# Exercise:
In the data below, begin at the line with "Tech Support Number" and stop after the line with "After a few"; output those lines exactly and no pictures.

# Entries provided:
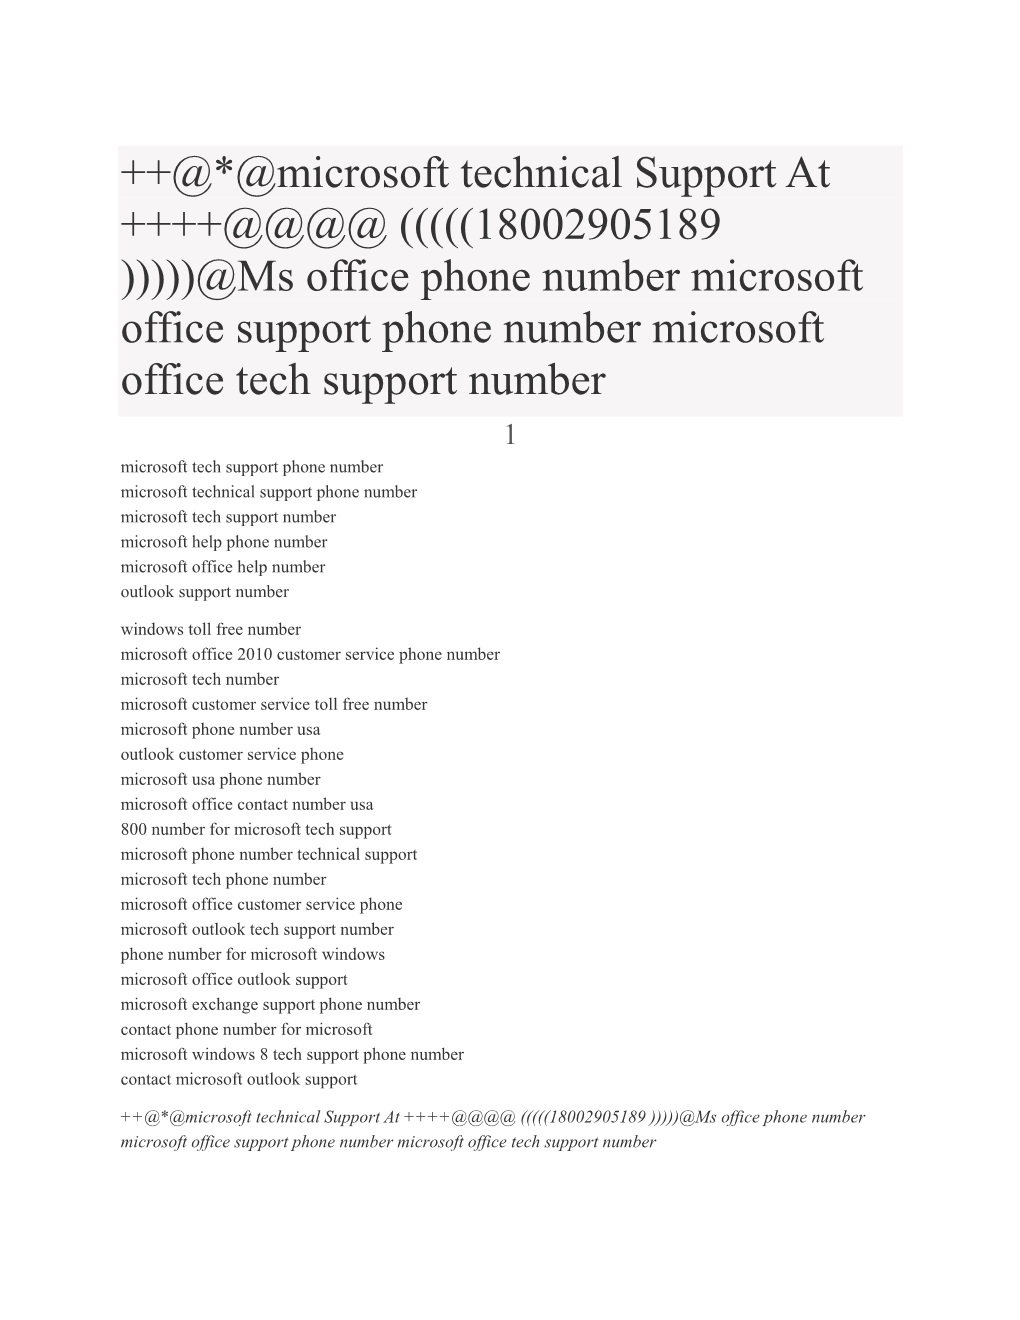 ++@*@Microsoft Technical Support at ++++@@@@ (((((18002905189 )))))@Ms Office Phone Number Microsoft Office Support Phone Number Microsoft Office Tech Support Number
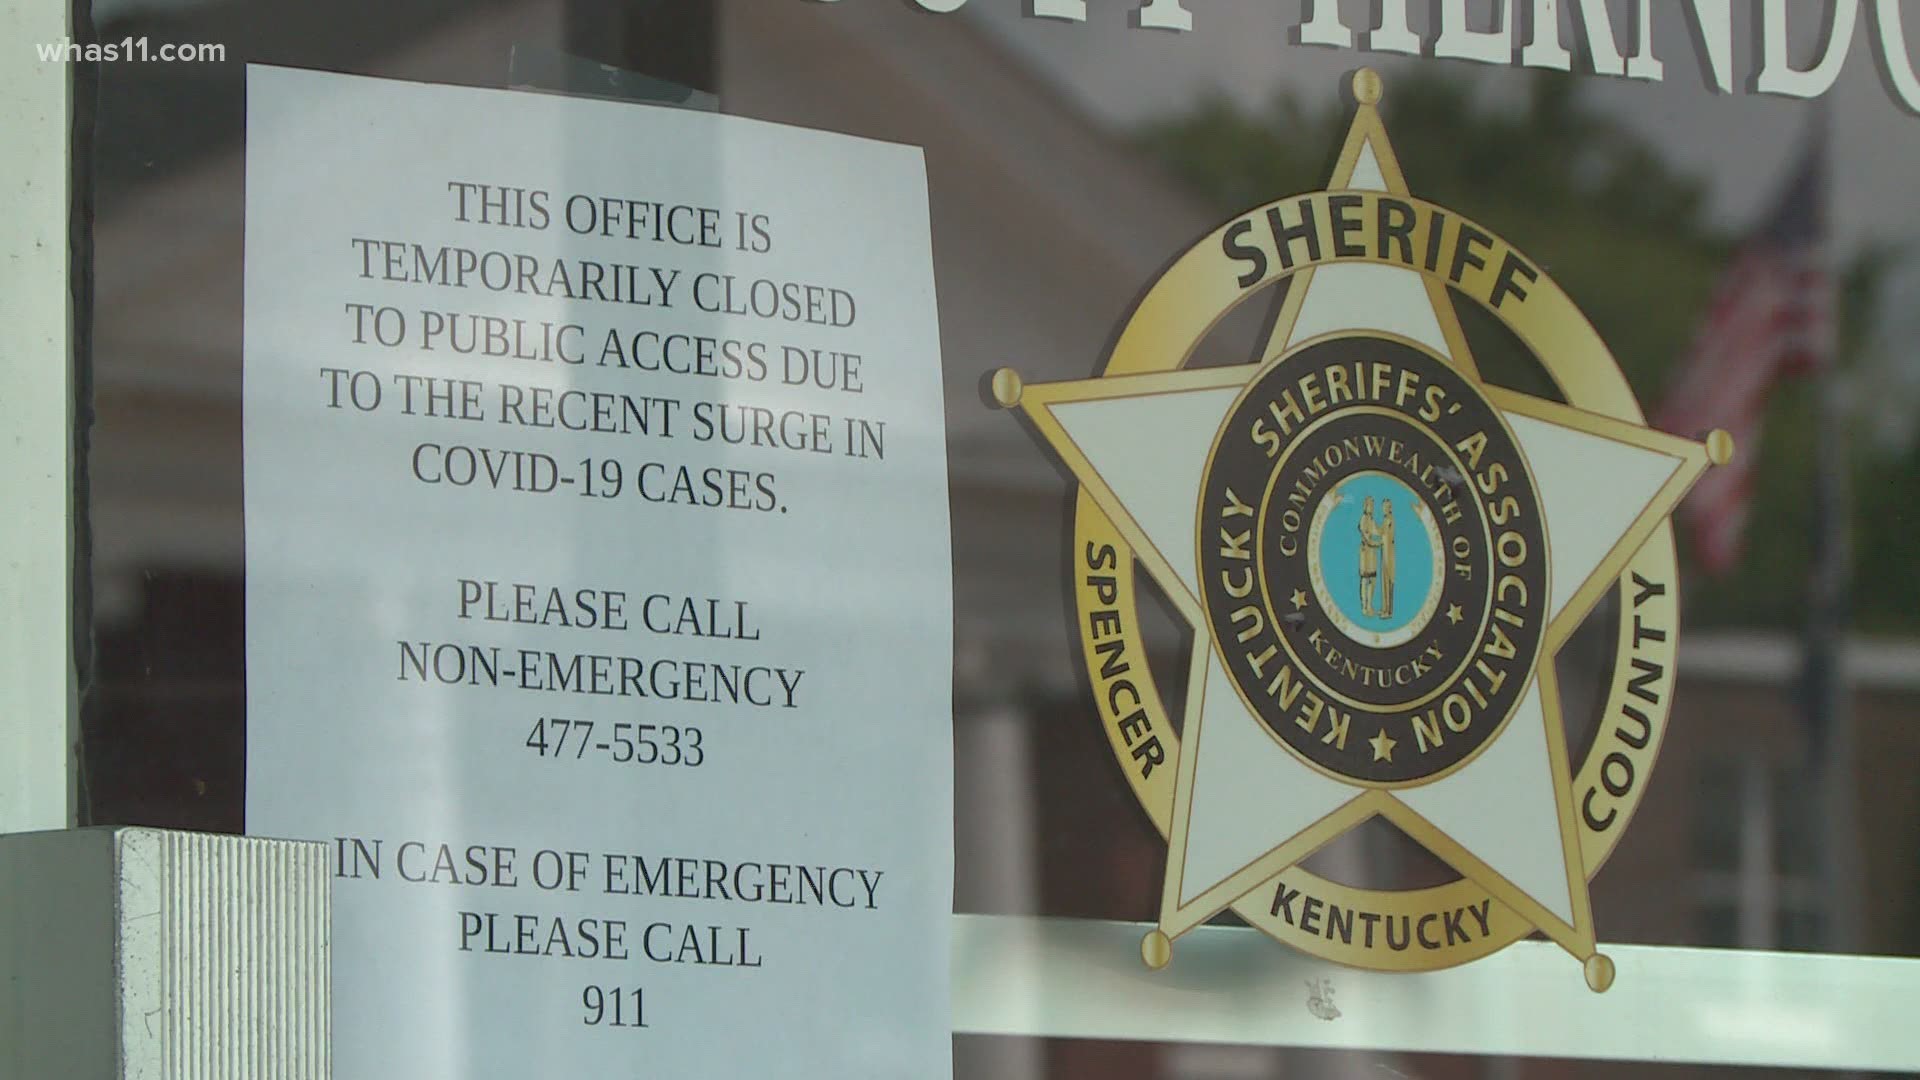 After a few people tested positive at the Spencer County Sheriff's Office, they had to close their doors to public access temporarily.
* * *
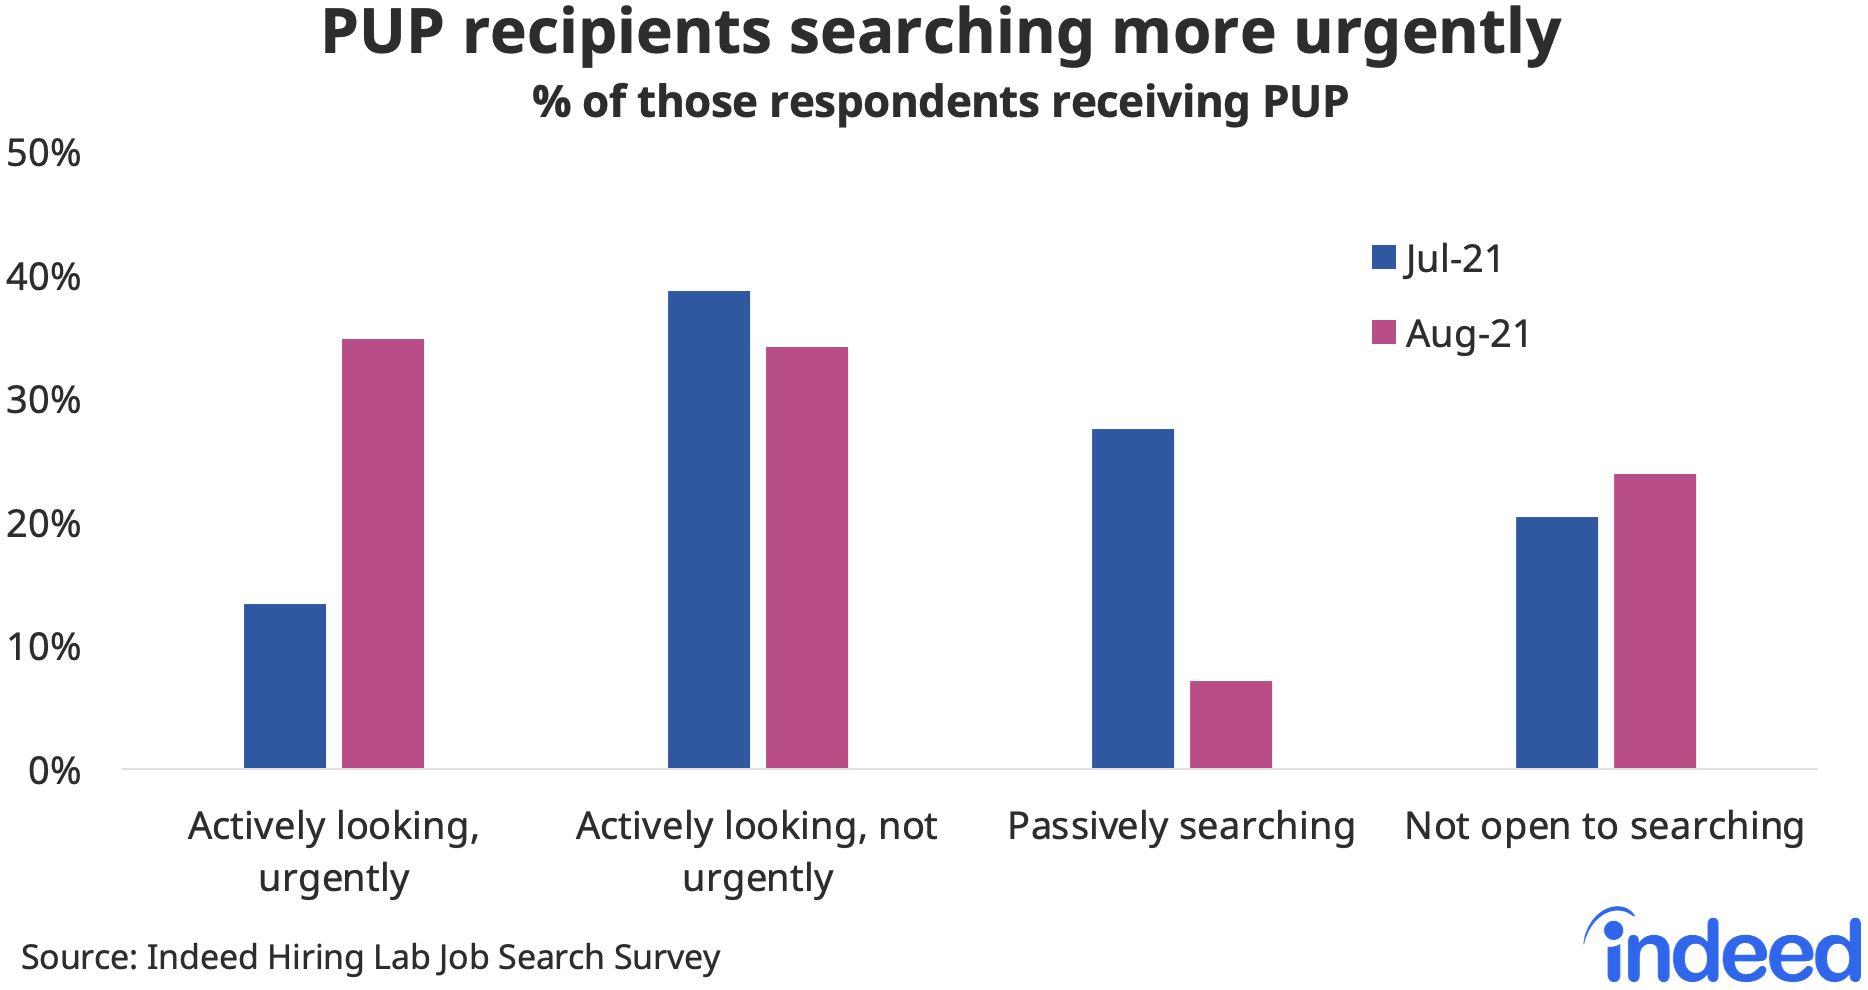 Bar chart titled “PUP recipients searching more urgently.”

# Task answer:
 ++@*@Microsoft Technical Support at ++++@@@@ (((((18002905189 )))))@Ms Office Phone Number Microsoft Office Support Phone Number Microsoft Office Tech Support Number
 After a few people tested positive at the Spencer County Sheriff's Office, they had to close their doors to public access temporarily.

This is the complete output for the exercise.